There's a first-person piece in today's WaPo by a reporter who spent a day working at Sam's Club to get a sense of what it's like to be a holiday retail employee. The unsurprising answer: It sucks. 

All things considered, this particular piece is likeable enough: faintly amusing if not terribly enlightening. But more broadly, this genre of journalism is a pet peeve of mine. Yes, it's lovely that reporters want to walk a mile in someone else's shoes. But there's a big difference between pinch hitting for a day and working at something for even a couple of weeks. (Haven't there been countless sit-com episodes and even feature films illustrating this very point?) And I don't just mean that, as a real employee, you have to deal with the tedium and hopelessness of your lousy job. I also mean that, in most cases, people who work at a job--from slinging hash to selling lawn mowers--for even a few shifts actually learn how to do it better (at least until they've done it so long that burnout sets in). Especially in a field like retail, where you're dealing with obnoxious customers all day, a competent salesperson is much less likely to get flustered and then chewed out by a fire-breathing holiday shopper than a novice one who doesn't know a cable knit sweater from a HDMI cable. 

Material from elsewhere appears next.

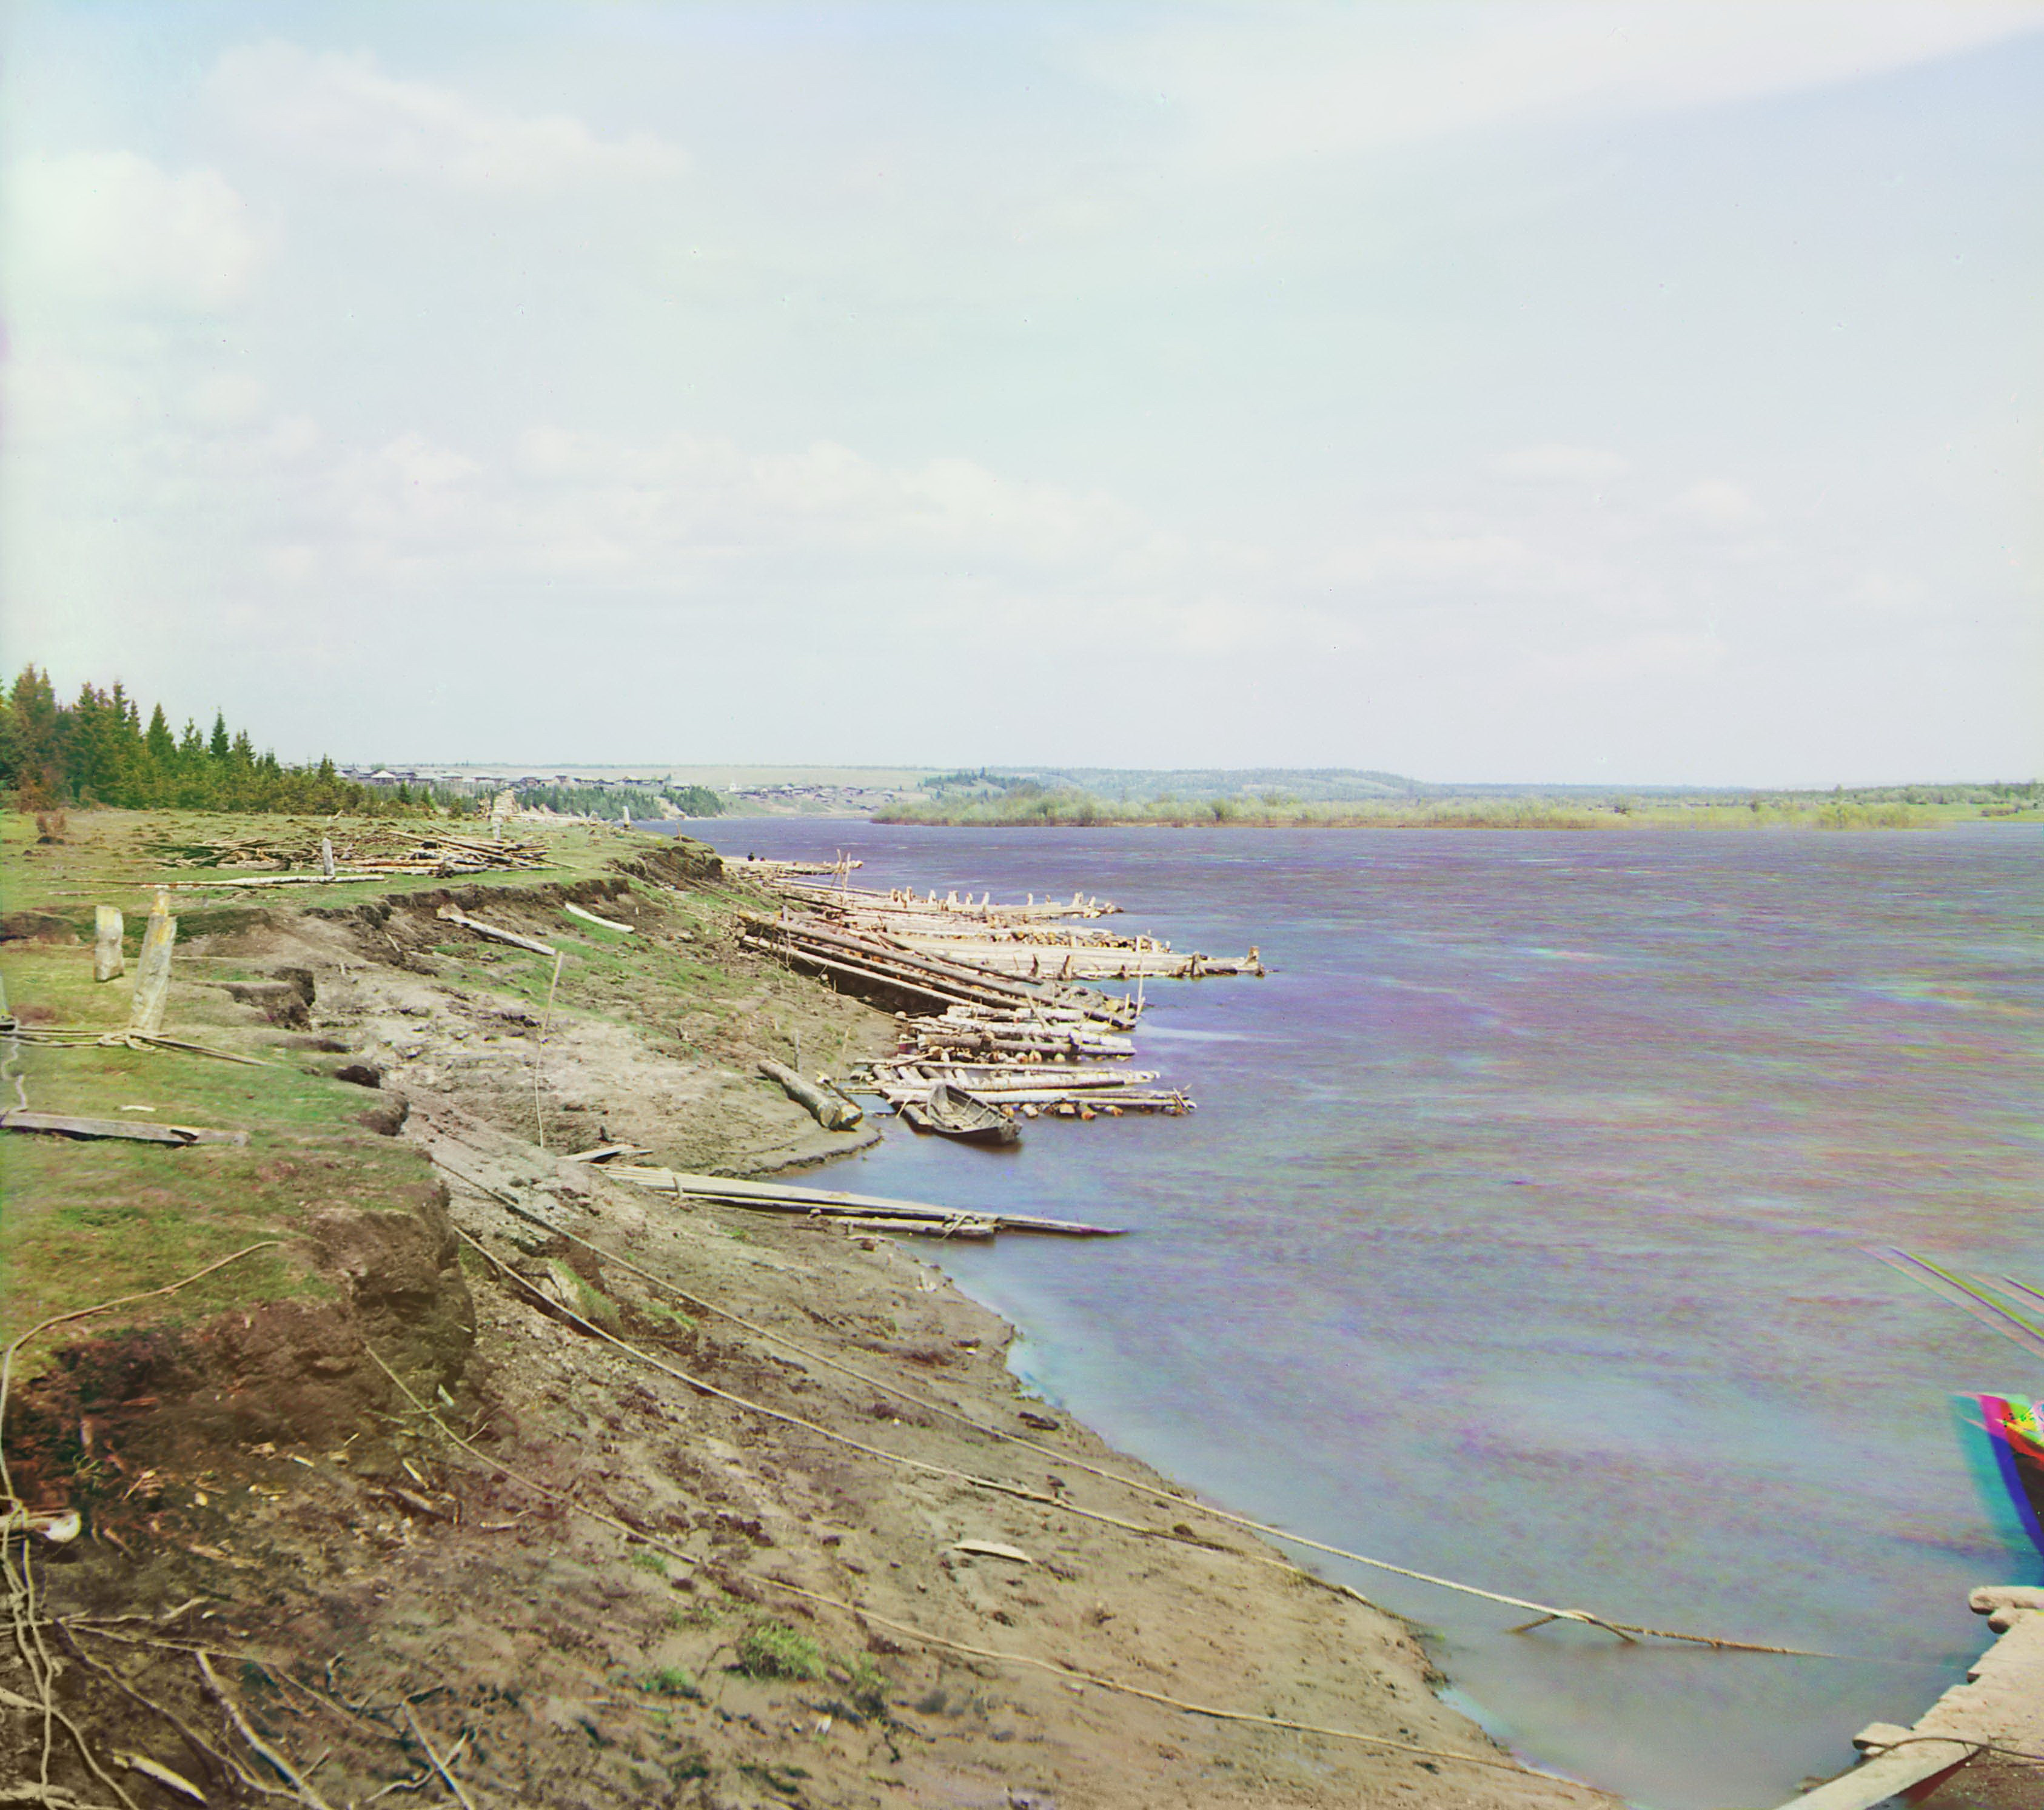 Окрестности села. Река Колва от земского перевоза по пути от Чердыни к селу Ныроб

Since this reporter was looking at the trials and tribulations specifically of temporary holiday workers, she at least was operating on a similar plane as many of her poorly trained subjects. Far more tiresome are writers like Barbara Ehrenreich, who a few years back went "undercover" at various unskilled jobs, such as a house cleaner, to experience the horrors of domestic labor--including how incredibly nasty the ladies of the house could be if Ehrenreich didn't scrub their toilets just so. Obviously, no one should shriek at their employees (though let me say that even the oh-so-white-collar field of journalism is awash in editors and top reporters who consider shrieking at junior staffers to be a particularly fulfilling sport.) But as I read Ehrenreich's stuff, I couldn't help but think: Maybe you are a lousy domestic worker. Maybe if you were a pro and knew some of the tricks of the trade (which veterans most certainly do) then you wouldn't catch quite so much grief. 

Also, unlike the WaPo scribe, Ehrenreich was writing about people indefinitely stuck in these low-paying, no-future jobs--meaning they approach their work from a slightly different perspective than, say, a famous writer known for having more than her share of 'tude. Not to suggest that Barbara didn't learn a great deal from her play dates in blue-collar land. I just don't find her investigations nearly so insightful and revelatory as she does. 

Through venting now. Carry on with your holiday good will and merriment.